Available data Block Start

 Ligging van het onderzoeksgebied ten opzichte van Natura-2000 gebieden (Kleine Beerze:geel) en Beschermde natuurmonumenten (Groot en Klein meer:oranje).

Available data Block End
Available data Block Start

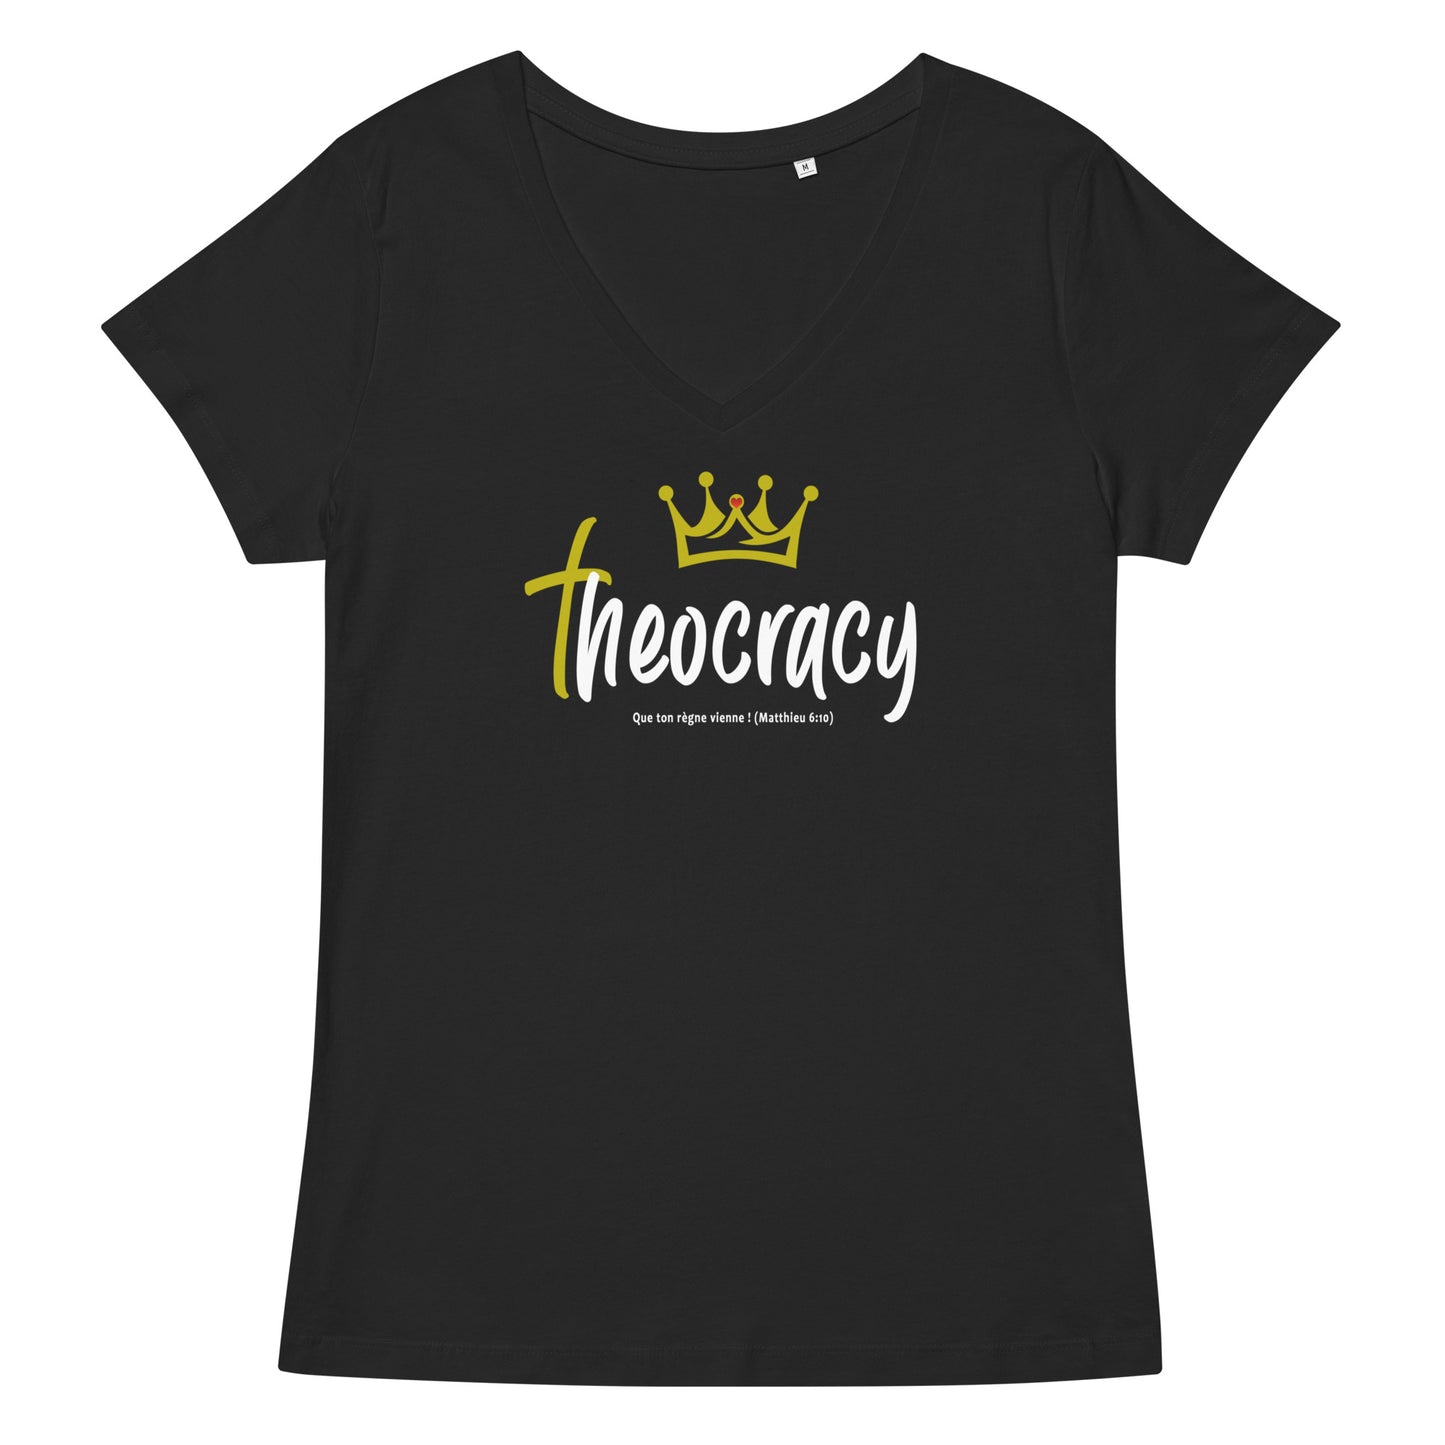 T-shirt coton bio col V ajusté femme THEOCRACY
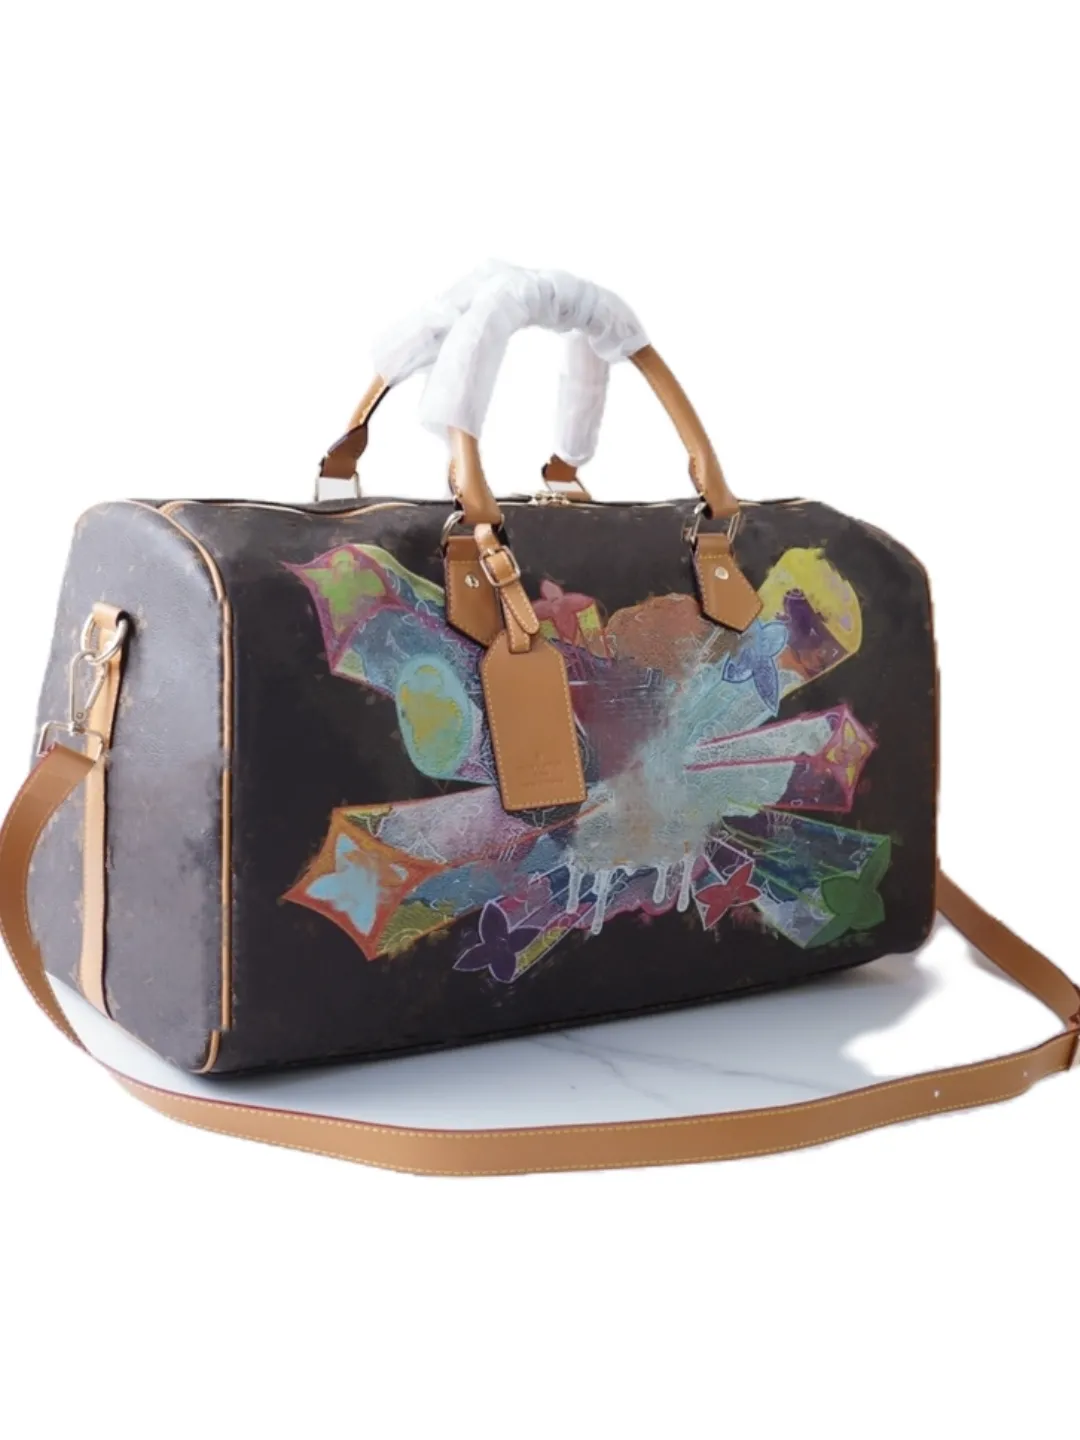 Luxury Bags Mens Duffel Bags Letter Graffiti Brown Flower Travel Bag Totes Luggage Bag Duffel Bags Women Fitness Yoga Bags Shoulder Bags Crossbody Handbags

Available data Block End
Available data Block Start

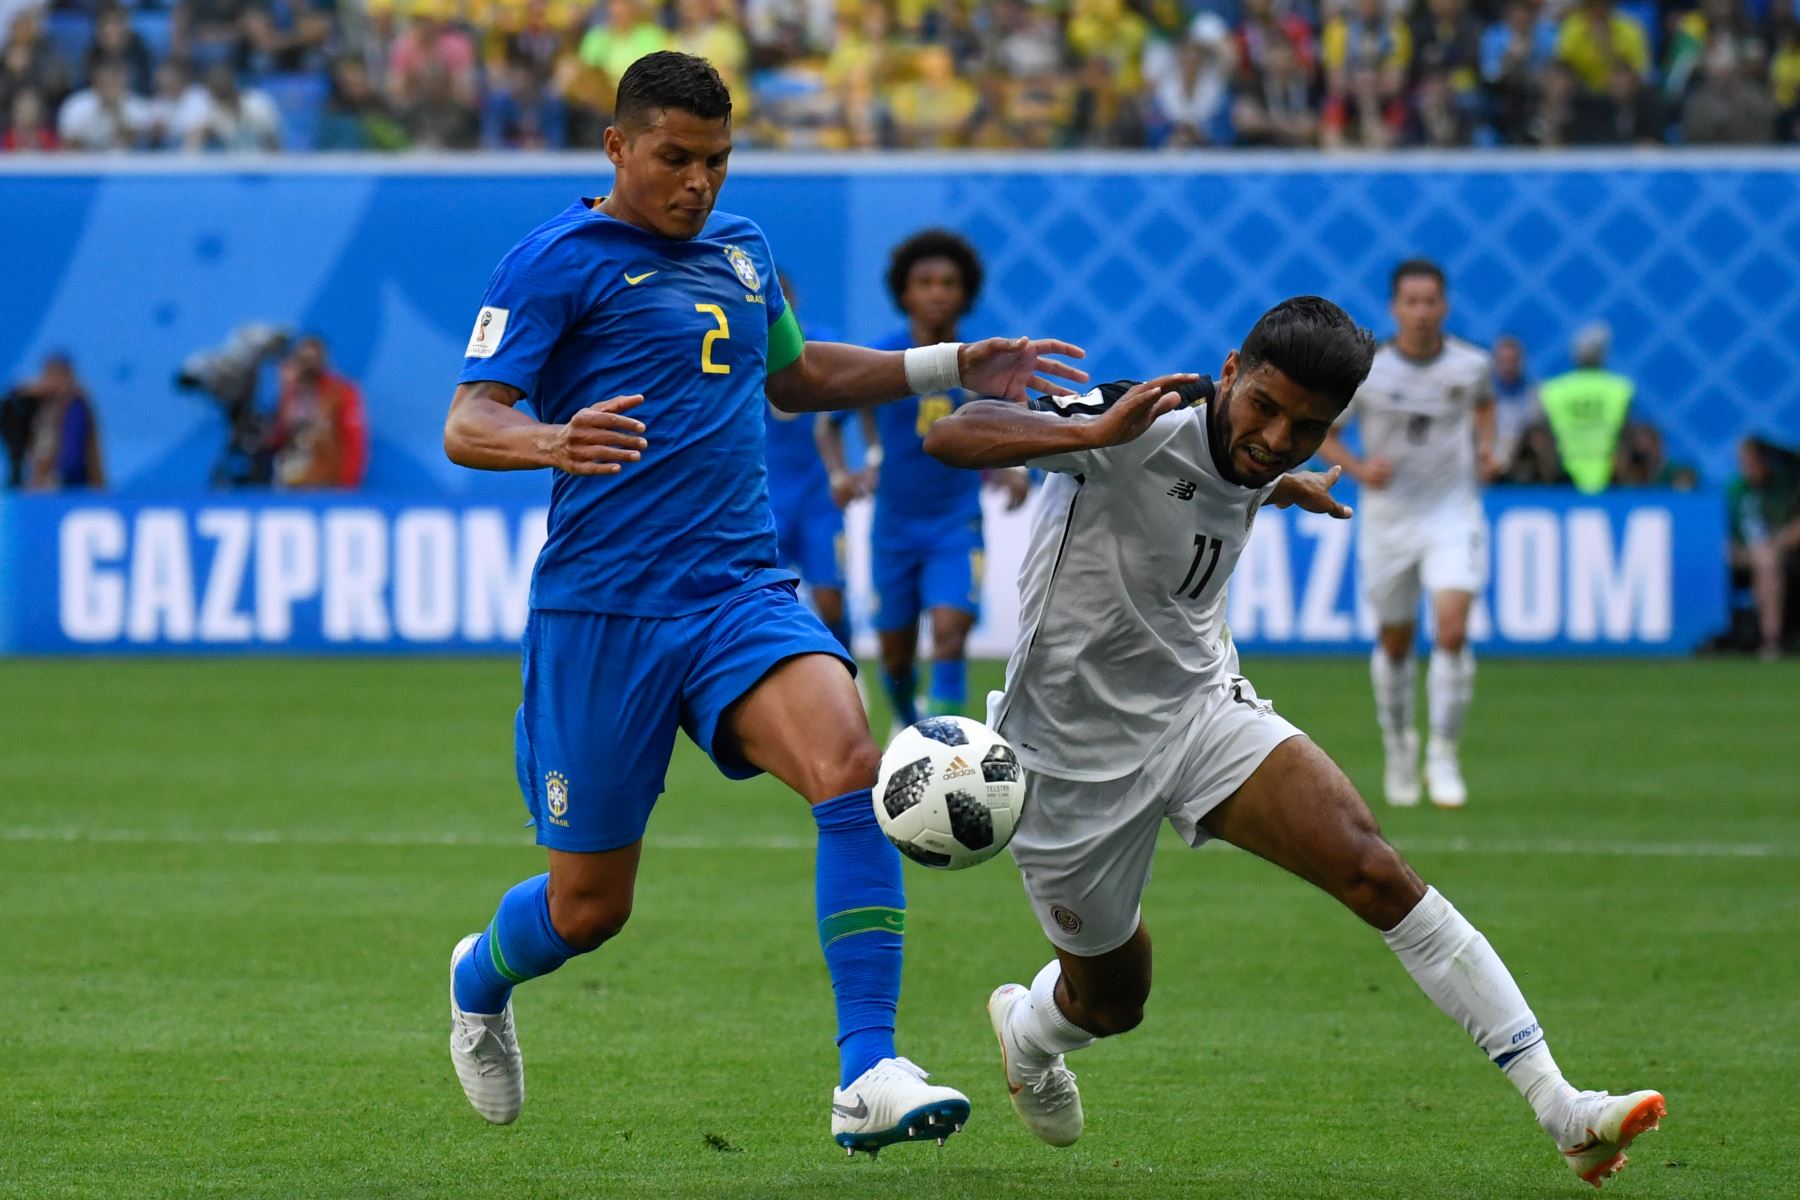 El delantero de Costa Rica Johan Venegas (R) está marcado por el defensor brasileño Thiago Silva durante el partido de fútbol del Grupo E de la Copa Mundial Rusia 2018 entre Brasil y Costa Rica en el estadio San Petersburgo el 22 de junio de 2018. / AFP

Available data Block End

• _Aim of the exercise_: Using the data above, give again exactly the lines starting at the one holding "T-shirt coton bio" and ending at the one holding "Luxury Bags Mens", inclusive, and nothing more. Omit the pictures.

• _Solution to this task_:
 T-shirt coton bio col V ajusté femme THEOCRACY
 Luxury Bags Mens Duffel Bags Letter Graffiti Brown Flower Travel Bag Totes Luggage Bag Duffel Bags Women Fitness Yoga Bags Shoulder Bags Crossbody Handbags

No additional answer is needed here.